*** MATERIAL PROVIDED

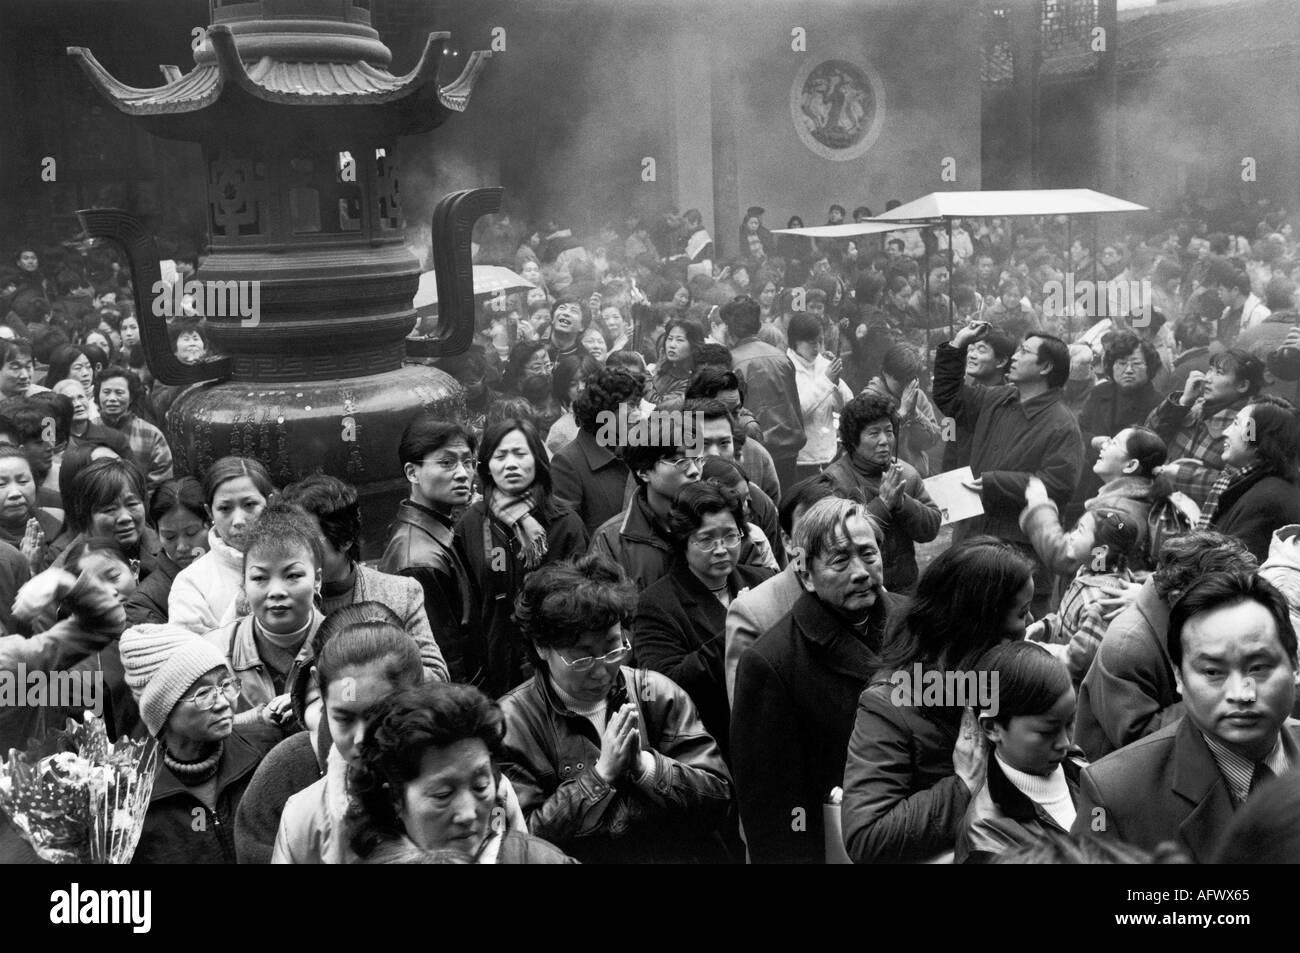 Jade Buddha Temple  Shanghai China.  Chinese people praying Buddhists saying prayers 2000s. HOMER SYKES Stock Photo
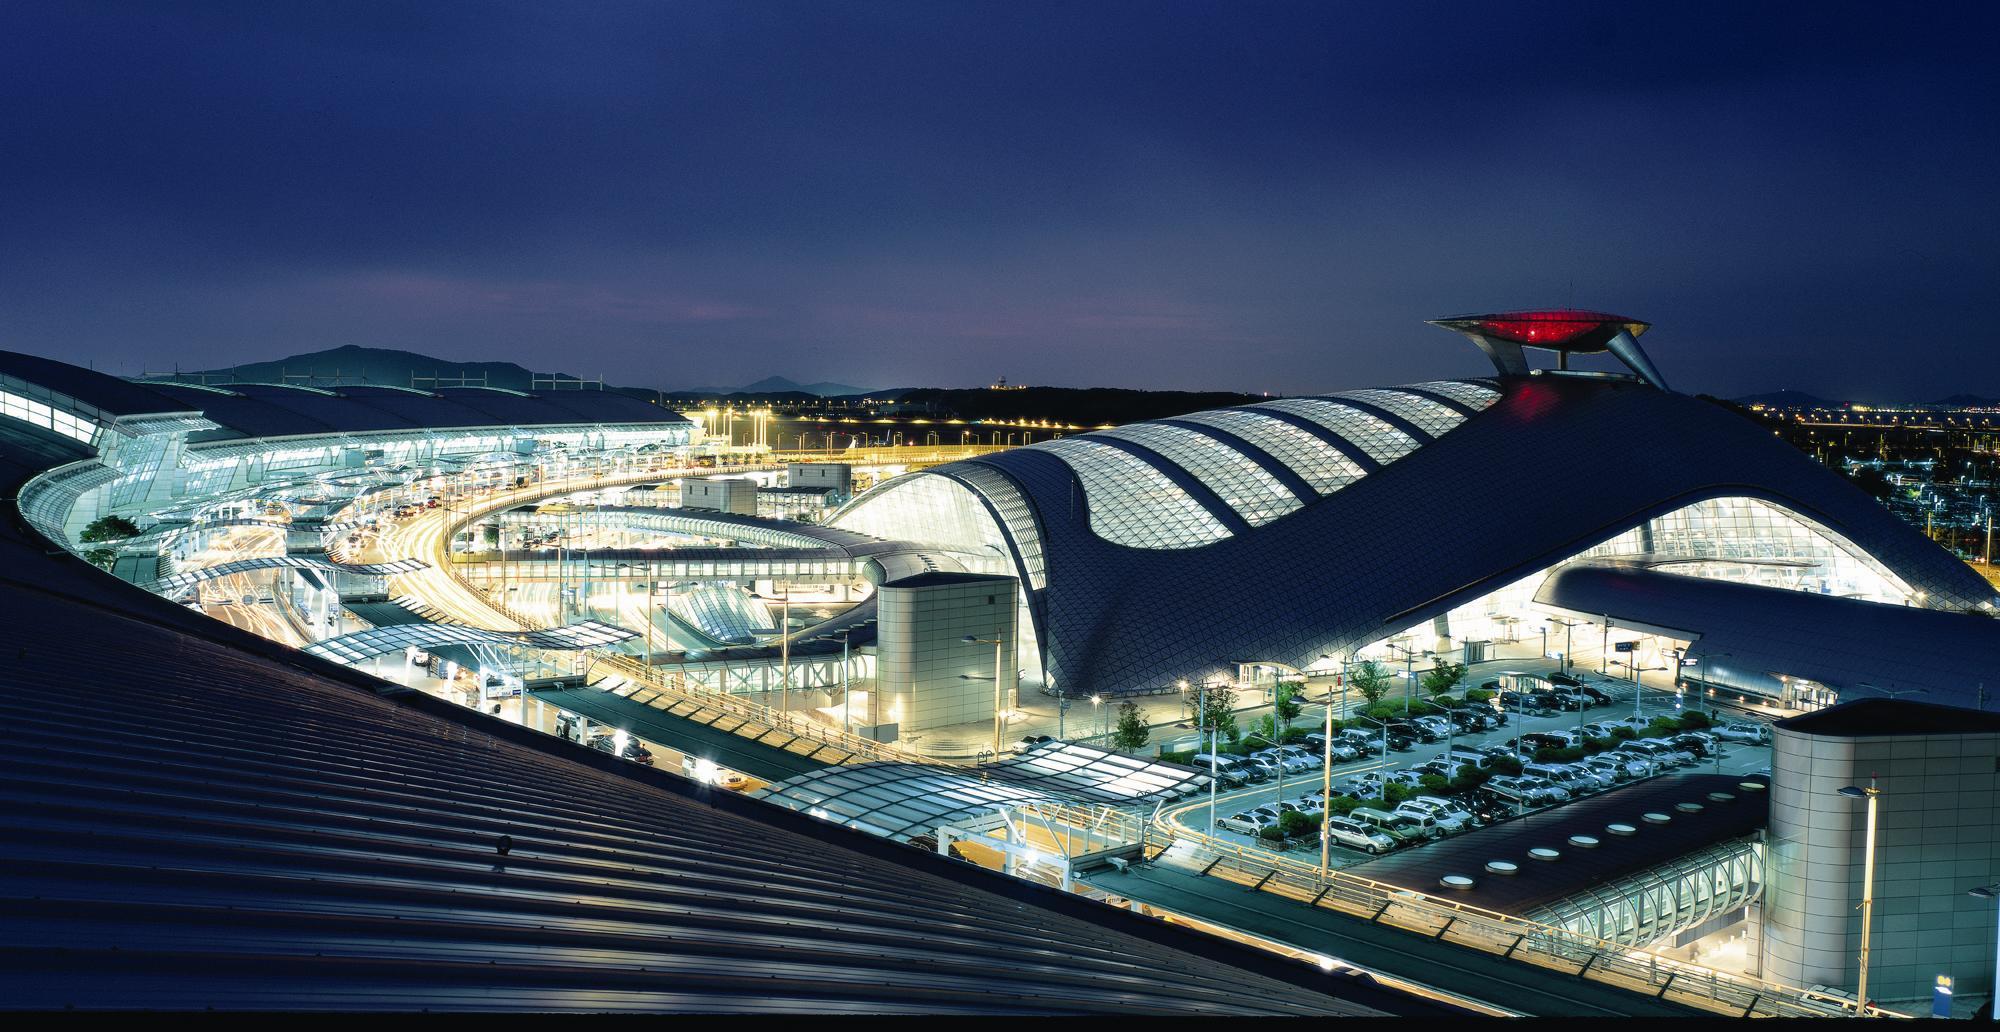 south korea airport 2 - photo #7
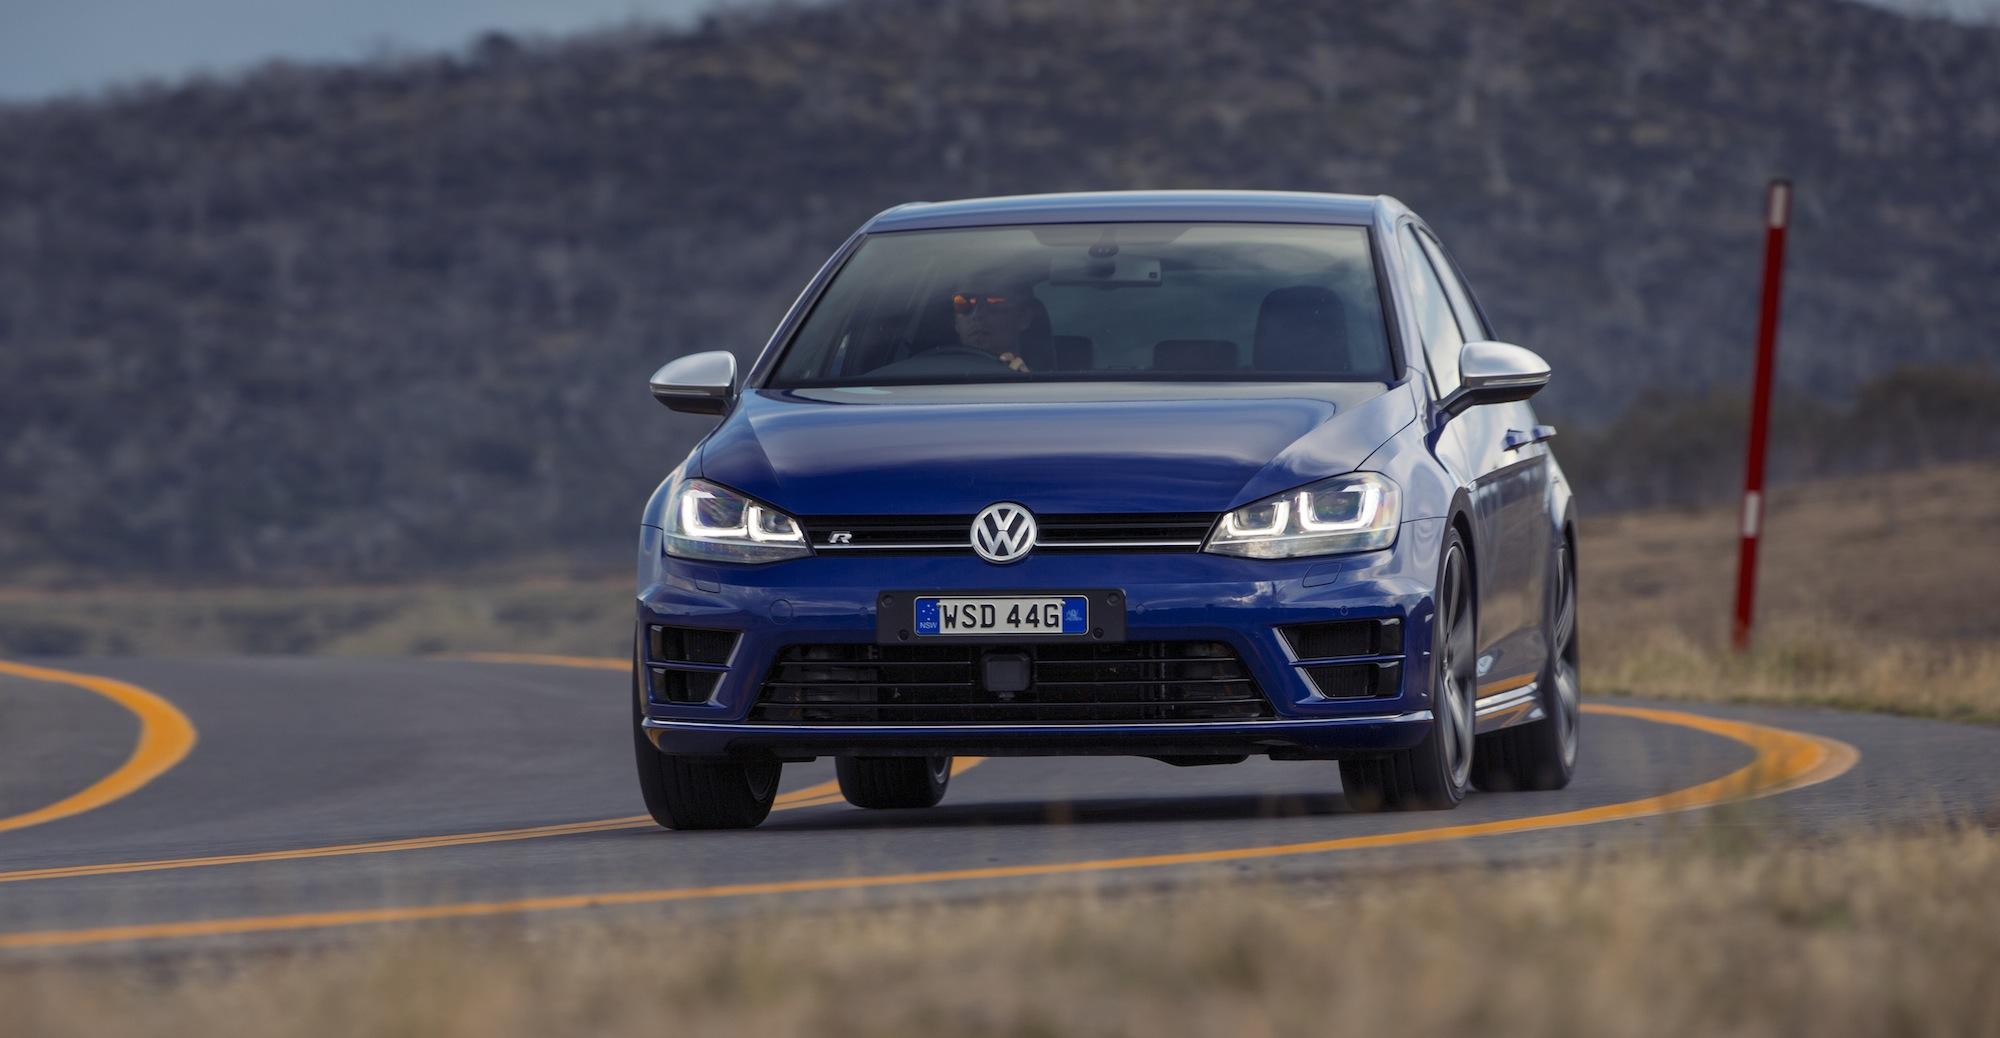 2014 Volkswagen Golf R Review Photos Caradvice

******

[EXERCISE GOAL]: Print all of the material exactly. Omit pictures.

[RESULT OF THE TASK]:
 Jade Buddha Temple  Shanghai China.  Chinese people praying Buddhists saying prayers 2000s. HOMER SYKES Stock Photo
 south korea airport 2 - photo #7
 2014 Volkswagen Golf R Review Photos Caradvice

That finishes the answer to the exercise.